"Irgendwann werden keine Kinder mehr geboren": Interview mit Autor Michael Nast

Laura Wolfert

"Unsere Generation ist beziehungsunfähig." Mit dieser These provoziert derzeit der Berliner Autor Michael Nast. Am Donnerstag liest er im ausgebuchten Freiburger Paulussaal. Im Interview erklärt er, warum er kein Macho, Ted Mosby ein Verlierer - und der Satz "Männer reifen, Frauen welken" richtig ist:



Herr Nast, Sie schreiben in ihrem Buch, dass Männer - was die Beziehungsfähigkeit angeht - über die Jahre besser gewordern seien. Warum liegt die Beziehungsunfähigkeit ihrer Meinung nach an den Frauen?

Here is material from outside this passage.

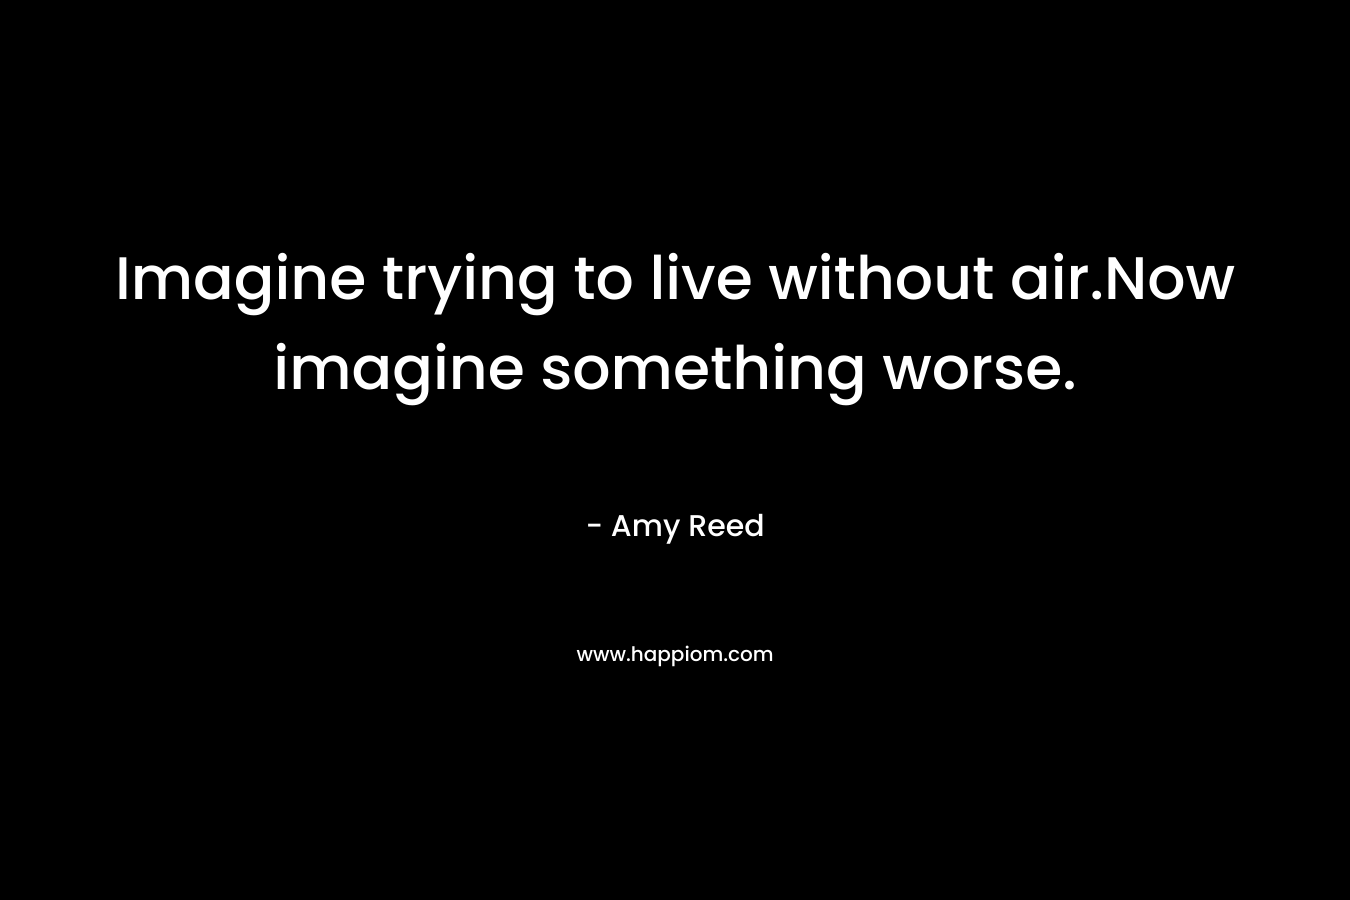 Imagine trying to live without air.Now imagine something worse. – Amy Reed

Das stimmt so nicht ganz. Ich sage, die Männer sind in so fern besser geworden, als dass sie sich auch mehr reflektieren. Die Emanzipation ist eine tolle Sache, aber für die Frauen war es relativ einfach von der Idee her: Man muss dem anderen Geschlecht gleichgestellter werden. Und für die Männer ist es jetzt eine Herausforderung, da sie aus ihrer Rolle gefallen sind.

Eine Überschrift in Ihrem Kapitel heißt "Männer reifen, Frauen welken" - klingt das nicht etwas sexistisch?

Nein, das ist nicht sexistisch. Das ist die biologische Wahrheit. Alter steht Männern. Mit 19 hatte ich auch ein totales Backpfeifengesicht. Frauen haben zum Beispiel eine ganz andere Fettkonsistenz. Die Haut, das ist alles etwas anders beschaffen. Eigentlich ist das einfach nur so ein Spruch, ein Sprichwort, kein Zitat. Eine biologische Uhr, das haben Männer nicht. Ein Freund von mir meinte aus Spaß: "Vielleicht zeuge ich ja ein Kind, wenn ich 85 bin mit einer 25-Jährigen. Dann bin ich meiner biologischen Verantwortung gerecht geworden." Das ist schon krass. Männer können immer.

Ihr Buch heißt "Generation Beziehungsunfähig". Von welcher Generation sprechen Sie?

Den Generationsbegriff kann man anhand von Jahrgängen gar nicht mehr definieren. Ich habe Feedback von 16 bis 53-Jährigen bekommen. Diese "Generation Beziehungsunfähig" - das ist eher eine Haltung, die sehr viele Leute betrifft.

Beim Lesen macht es den Eindruck, als würden sie das Leben von Mittdreißigern beschreiben, die mit Liebe, Arbeit, Alter, Aussehen unzufrieden sind. Trifft das zu - und woran liegt das?

Na ja, generell erzieht uns die Gesellschaft zu dieser Unzufriedenheit. Wir sollen immer das Gefühl haben, etwas in unserem Leben verbessern zu können. Unsere Wirtschaft ist auf diesem nie endenden Wachstum aufgebaut. Genauso ist es mit uns: Wachstum als Selbstzweck – du kommst nie an. Das ist dieses Perfektionsstreben. Wir suchen den perfekten Partner, den es ja so nicht gibt. Wir gehen aber immer weiter und wollen uns immer verbessern, mit einem Partner, der vielleicht noch besser zu uns passt.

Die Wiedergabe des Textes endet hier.